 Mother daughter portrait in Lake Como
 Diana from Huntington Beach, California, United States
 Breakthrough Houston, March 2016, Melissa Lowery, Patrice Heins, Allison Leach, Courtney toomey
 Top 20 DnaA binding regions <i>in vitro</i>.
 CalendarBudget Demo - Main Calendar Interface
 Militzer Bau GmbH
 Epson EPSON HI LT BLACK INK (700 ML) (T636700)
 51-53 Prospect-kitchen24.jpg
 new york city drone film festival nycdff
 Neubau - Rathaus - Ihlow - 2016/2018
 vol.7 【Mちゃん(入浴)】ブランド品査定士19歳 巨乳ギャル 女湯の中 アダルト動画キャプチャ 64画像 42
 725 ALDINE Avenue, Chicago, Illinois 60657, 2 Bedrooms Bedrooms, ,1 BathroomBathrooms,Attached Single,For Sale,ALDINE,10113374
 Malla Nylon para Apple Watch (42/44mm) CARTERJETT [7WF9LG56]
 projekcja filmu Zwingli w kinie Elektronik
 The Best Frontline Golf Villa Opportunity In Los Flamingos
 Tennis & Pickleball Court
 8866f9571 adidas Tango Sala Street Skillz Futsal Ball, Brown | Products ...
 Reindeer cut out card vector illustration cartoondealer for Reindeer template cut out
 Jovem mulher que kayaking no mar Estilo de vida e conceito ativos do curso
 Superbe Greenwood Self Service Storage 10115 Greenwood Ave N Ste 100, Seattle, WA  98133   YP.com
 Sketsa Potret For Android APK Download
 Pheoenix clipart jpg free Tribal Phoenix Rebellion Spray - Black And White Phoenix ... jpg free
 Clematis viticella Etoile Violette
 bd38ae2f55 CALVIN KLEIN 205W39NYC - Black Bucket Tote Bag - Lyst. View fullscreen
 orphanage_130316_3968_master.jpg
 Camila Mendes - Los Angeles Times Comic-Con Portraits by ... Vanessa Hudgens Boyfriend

┄┄┄┄┄┄┄┄┄┄┄┄┄┄┄┄┄┄┄┄

• _BRIEF_: Beginning from the line that contains "orphanage_130316_3968_master.jpg", give each line again exactly, through the final line of the records.

• _ANSWER TO THIS PROBLEM_:
 orphanage_130316_3968_master.jpg
 Camila Mendes - Los Angeles Times Comic-Con Portraits by ... Vanessa Hudgens Boyfriend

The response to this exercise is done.